Is this the bushing you are referencing?


----------



## cpchriste (Jan 19, 2014)

Yes that's the one. Nice illustration.


----------



## MenoldJD826 (Dec 29, 2021)

cpchriste said:


> Yes that's the one. Nice illustration.


Ok. Regarding that bushing, when I looked up the Drive Shaft in the Parts Manual online, there is both a bushing and a bearing shown- is it common to consider the bushing and bearing as like a bushing assembly? Just wondering why the technical manual does not reference the bearing like in the Parts Manual..


----------



## cpchriste (Jan 19, 2014)

Amazing I had one I could find.
It's a bushing pressed into sleeve. Bushing is 11/16" OD, 1/2" ID, 1.0" L


----------



## MenoldJD826 (Dec 29, 2021)

cpchriste said:


> Amazing I had one I could find.
> It's a bushing pressed into sleeve. Bushing is 11/16" OD, 1/2" ID, 1.0" L
> View attachment 185947


Ok that looks like it exactly matches the image for Item 11 in the Parts Catalog. My remaining question- is the bushing pressed inside the sleeve the Item 10 from the Catalog?


----------



## cpchriste (Jan 19, 2014)

yes, the bushing is item 10


----------



## Pauleastend63 (Nov 23, 2020)

MenoldJD826 said:


> How do I calibrate the tension needed for the drive chain that powers the differential housing sprocket?
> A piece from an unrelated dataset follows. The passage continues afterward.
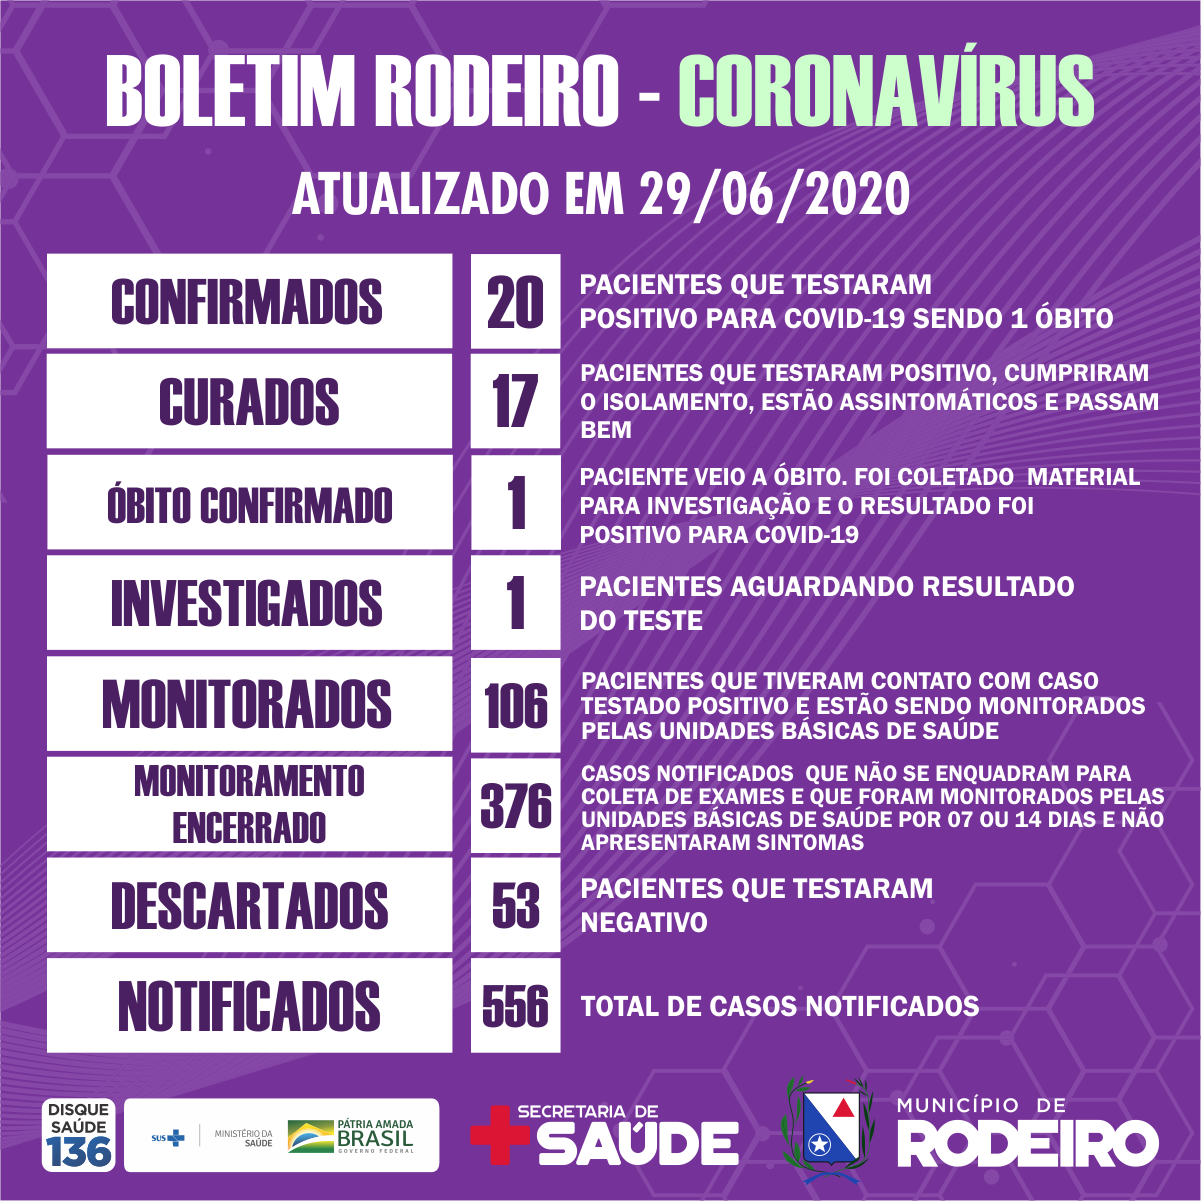 Boletim epidemiológico do Município de Rodeiro coronavírus, atualizado em 29/06/2020

I'm wondering if there is too much play in mine..I looked through the Drivetrain portion of the Technical Manual and I saw no pointers for this during driveline disassembly and repair.
> View attachment 185933


Me thinks your "only" way to properly tension that chain is to have fairly tight tolerances in regards to your bushing's that keep the sprockets the proper distance apart......if one or both bushing's are oblong the chain will remain loose.


----------



## Pauleastend63 (Nov 23, 2020)

Oneacer said:


> I would think that would work ..... Maybe find a place that dips car frames, etc .....
> 
> I can't recall a problem with the one I restored ....


I have seen numerous pic's online of TRS27's and half of them had grease fittings mid-shaft and the other half did not. If I free mine up I will drill and install a fitting.


----------



## MenoldJD826 (Dec 29, 2021)

Video of Axle/Chain Play From Worn Out Bushings

So I did take the advice to degrease and washout the inside of the drive box after tipping unit up in service position. Right away I noticed the majority of the play is coming from the worn out axle bushing on the RH Side (opposite the Differential). This matches what a lot of you were hinting at causing the play. Looks like Bushing M45204? Thoughts on repair?


----------



## cpchriste (Jan 19, 2014)

Yes, that bushing is clearly shot. I bet the left one is too. The bushings are easy, they just pop in, but the axles must be out to do that. Axle removal might be easy or tough, depending on corrosion. You might want start another thread to get wider input?


----------



## Oneacer (Jan 3, 2011)

Chains on a lawn tire are going to bounce around and cause premature wear.


----------



## MenoldJD826 (Dec 29, 2021)

Ok I just put those chains on actually- used them once, seemed to help with the uphill incline I have. As for the bushings- after looking at the Deere Parts Catalog, there is only a bushing called out for the LH side. Obviously there is a bushing on each side- question is, is it the same part number for each side?


----------



## oneboltshort (Dec 16, 2019)

M45194 bushing x2


----------



## Mortten (Jan 31, 2020)

I think you need #5.

M45194


----------



## Mortten (Jan 31, 2020)

Beat me to it


----------